But I have never seen any indication of their existence in this building.)

(I am OK with advertising on public transit. The government won't pay for
public transportation, but advertisers will.)

------
akamaka
If anyone has been watching the new Apple over the past decade, it is obvious
that they are not interested creating new market areas, but rather coming late
to an established areas and beating the competition.

If Apple launches an ad-supported device, I would bet it will only be in
response to a move into that area from Google or MS, after learning from their
mistakes (just as they learned from the many problems of Windows-based
smartphones).

------
mullr
The fact that a big company has filed a patent doesn't necessarily mean that
they're going to make a product. Usually it means that they care about that
area in general and need some amount of patent "presence", some asset that
they can take into negotiations to give them a bit of weight.

------
jws
The television networks have not accepted a viable internet distribution
system. Until that happens, Apple and others will continue developing treats
to entice them.

Consider the recording industry. Apple had to use DRM that made purchases feel
like the familiar single copy sale of the industry. Eventually the music
industry got over that and adapted to unlocked sales.

The television networks or studios will be happier with ads in their internet
distributed product, since it is how they work. Maybe they will get over it
with time and accept a model that people prefer, or maybe people will prefer
to serve the advertisers instead of paying for the content. Time will tell.

------
cmelbye
Apple already lost its "cool" a while ago.

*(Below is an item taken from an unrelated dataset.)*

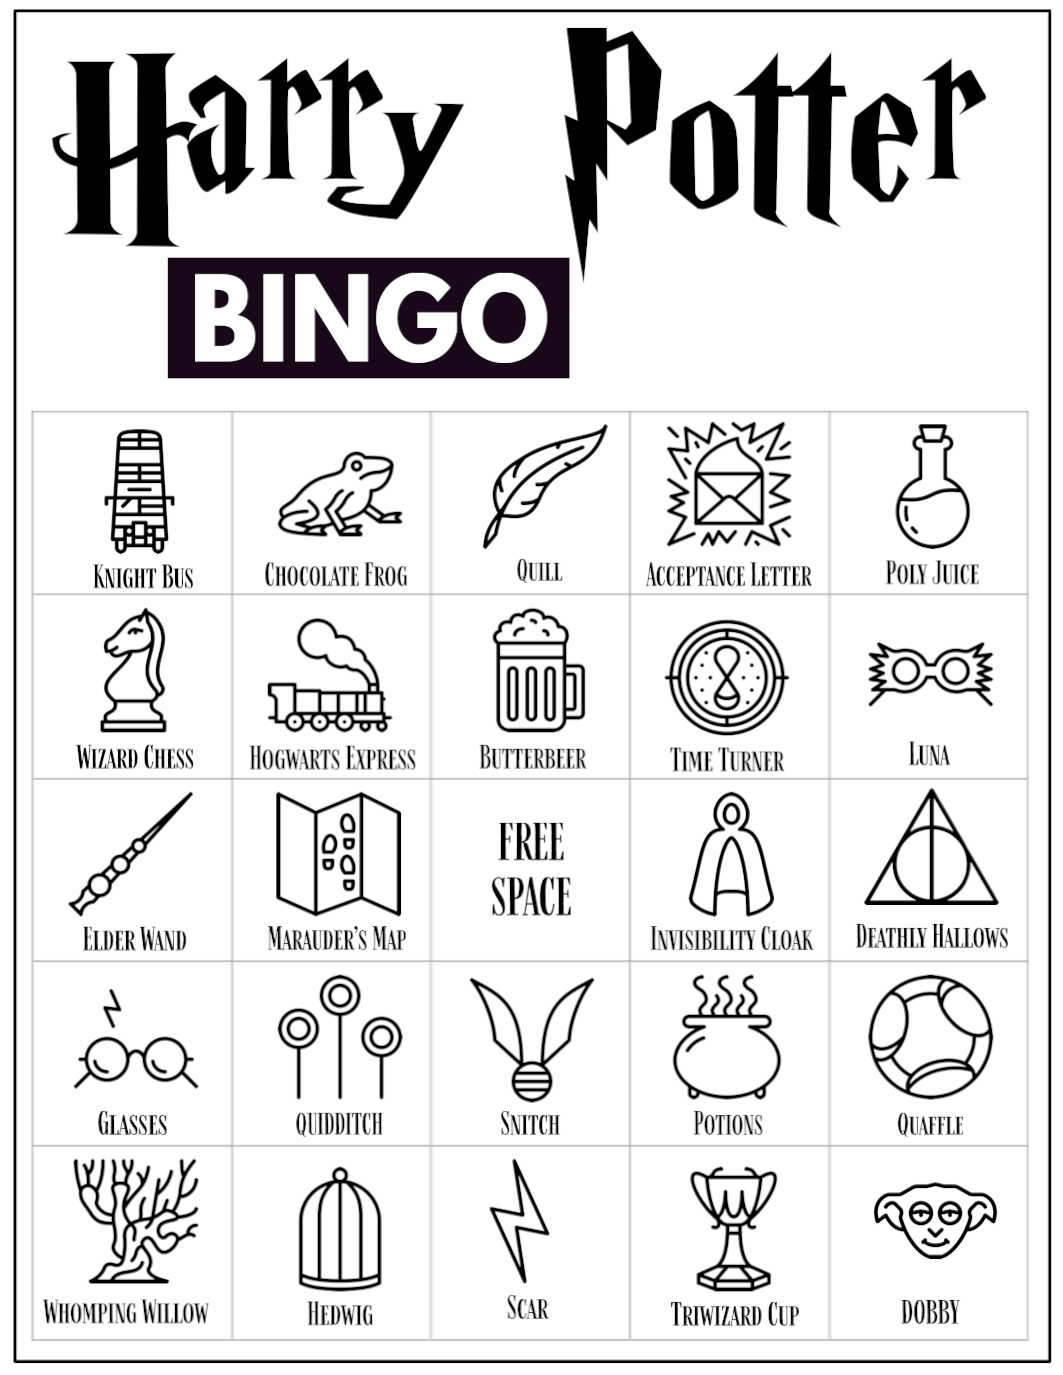 Free Printable Harry Potter Bingo Game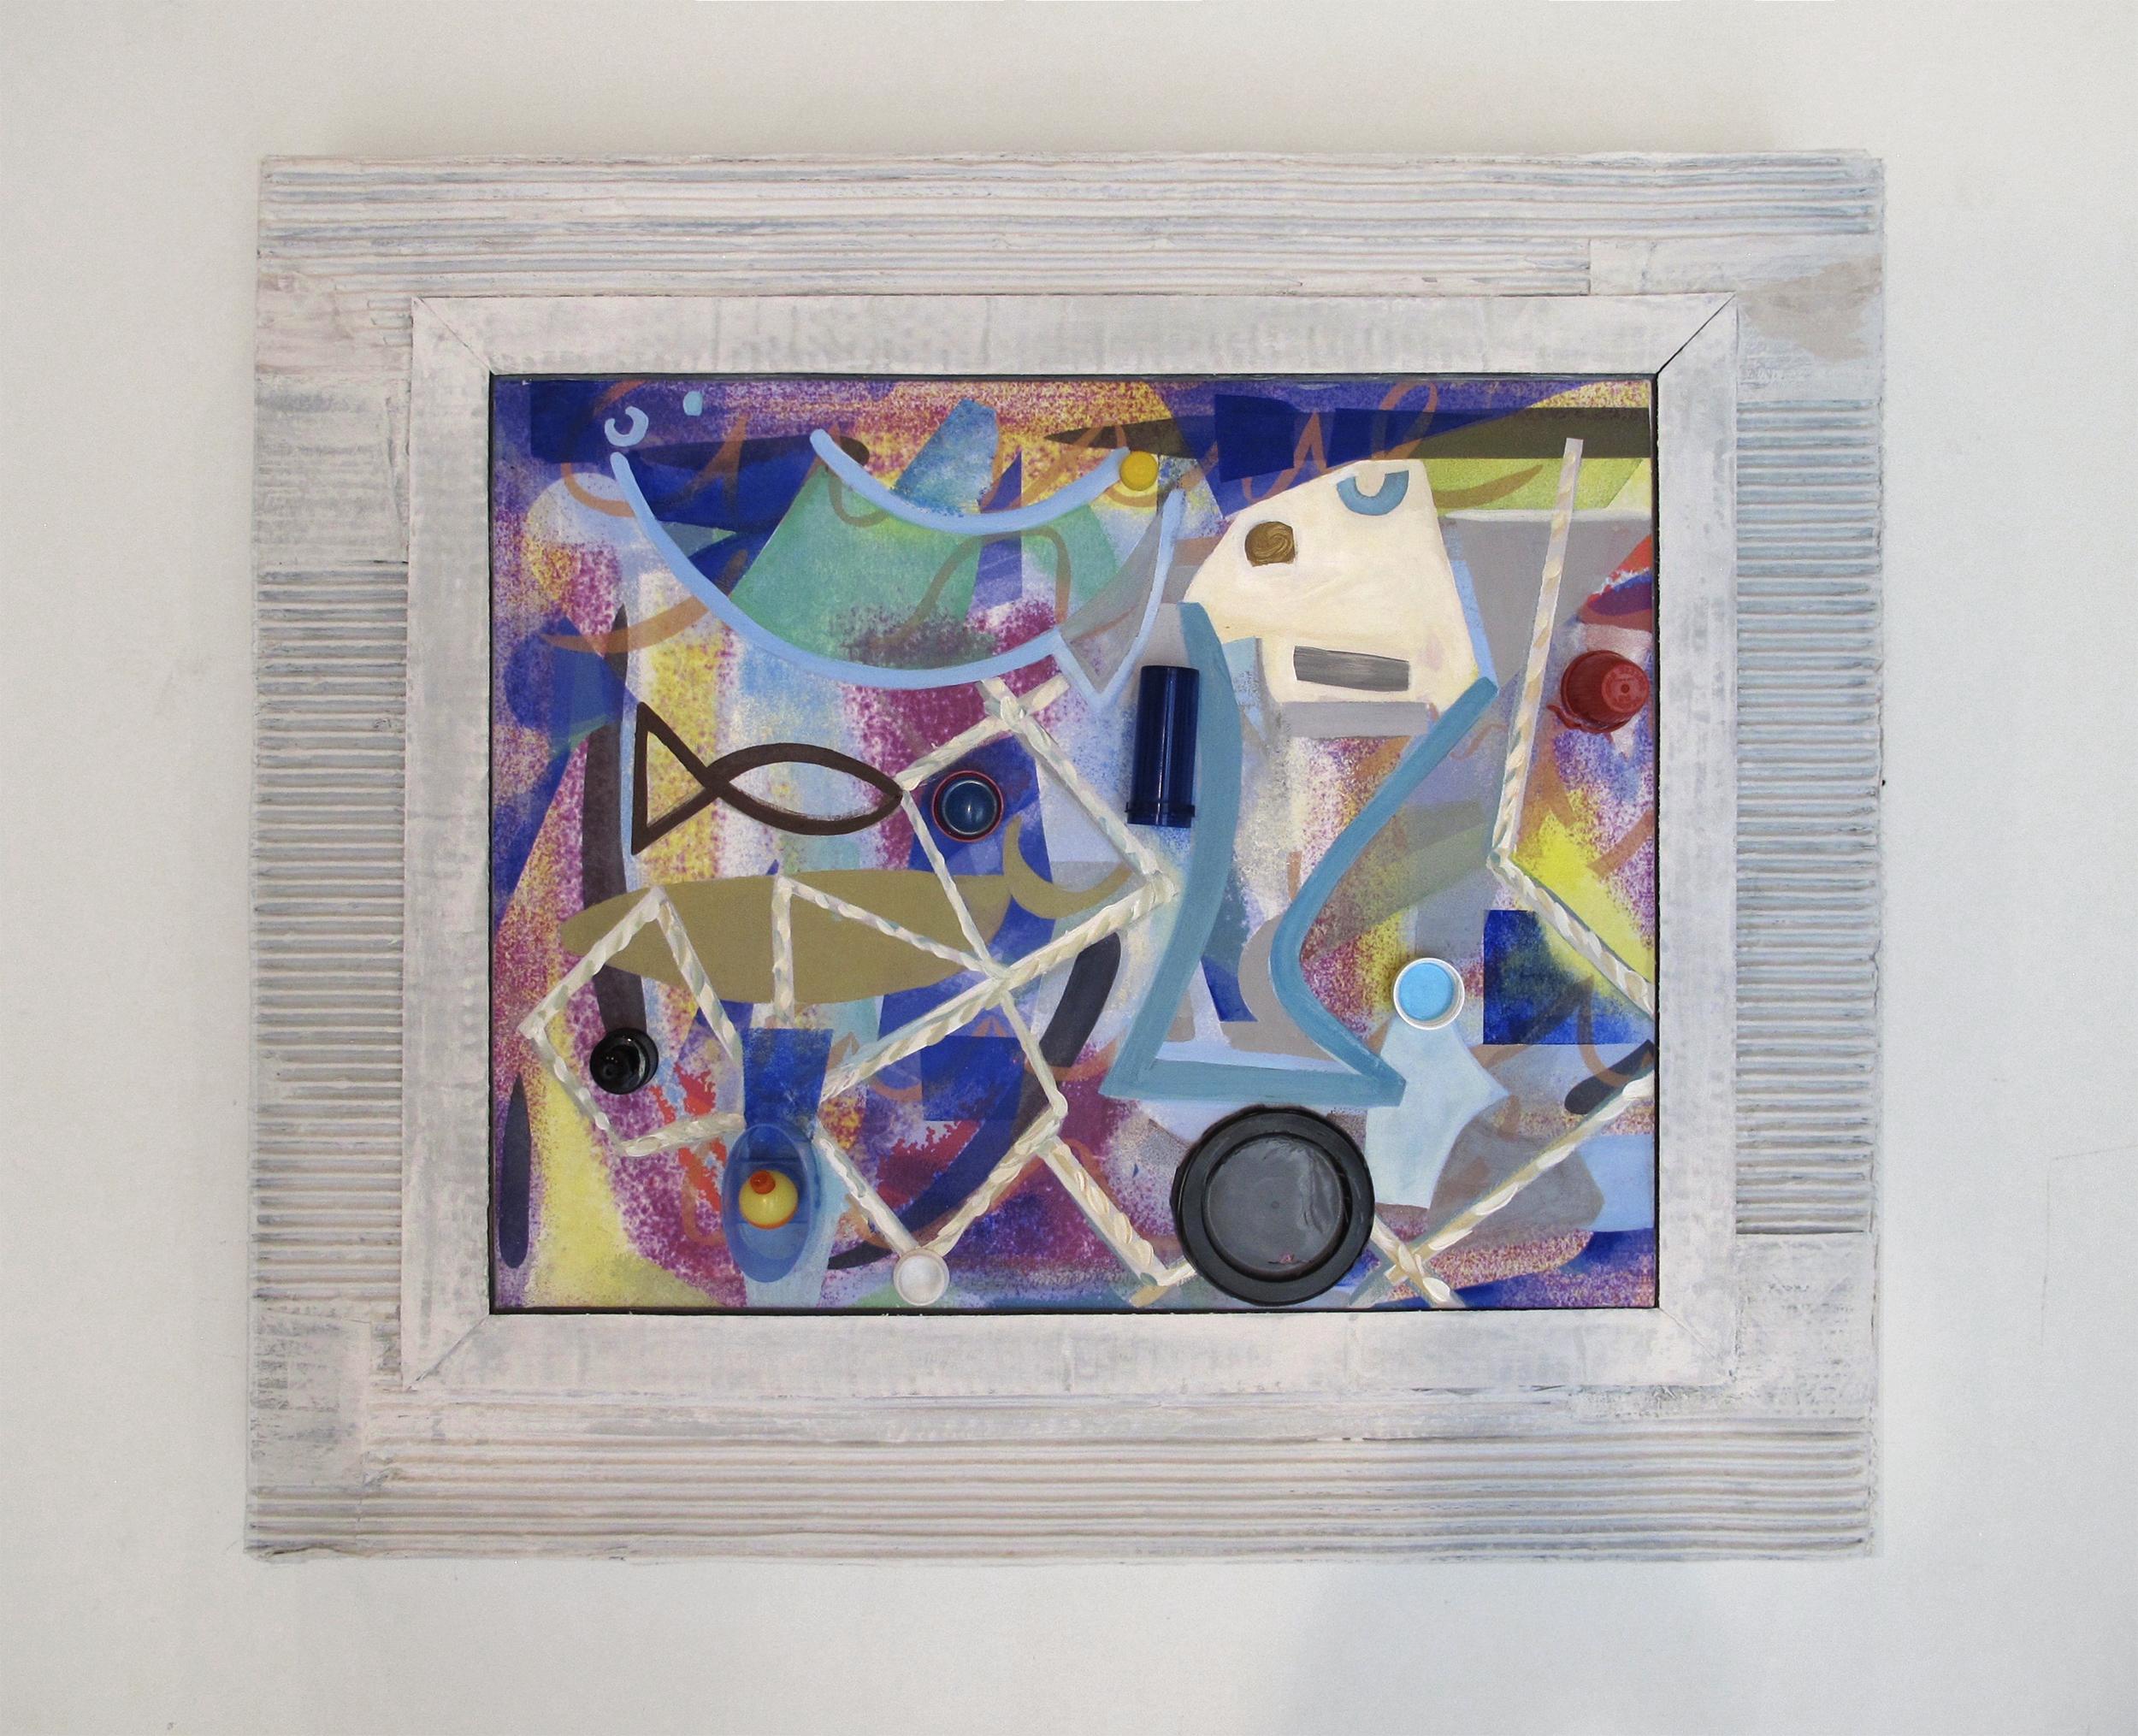 Simone-painting-MySushi.jpg

Openness of iPhone Development (or lack thereof). 'nuff said.

------
rabidsnail
While it would seem unlikely for Apple to implement a scheme like this for ad-
subsidized computers, it does seem like something they would do for the music
industry. I can see ad-supported itunes store content; watch this 30 second
ad, and then you get to listen to the song.

------
goodside
Apple hasn't filed the patent to implement it, but to stop others from doing
so. It damages the Apple brand if third-party crapware like that mentioned in
the patent shows up on the Mac, and they just want another tool in their
pockets to get rid of it if they ever need to.

------
alilja
Simple answer: no. If they use this for anything, I imagine it'll be for
something similar to the iPhone, but without another company (like AT&T)
backing them up financially. This allows Apple to sell something at a low
price but still be financially viable.

------
marcell
My guess: This is for the Apple Tablet. Either pay for subscriptions, or view
ads. And, since it's Apple, I'm going to guess that all ads must go through an
ad approval process.

------
brisance
This was covered by Patently Apple a few weeks ago. NY Times is late to the
party. To me this is to prevent Google's Chrome OS from being profitable.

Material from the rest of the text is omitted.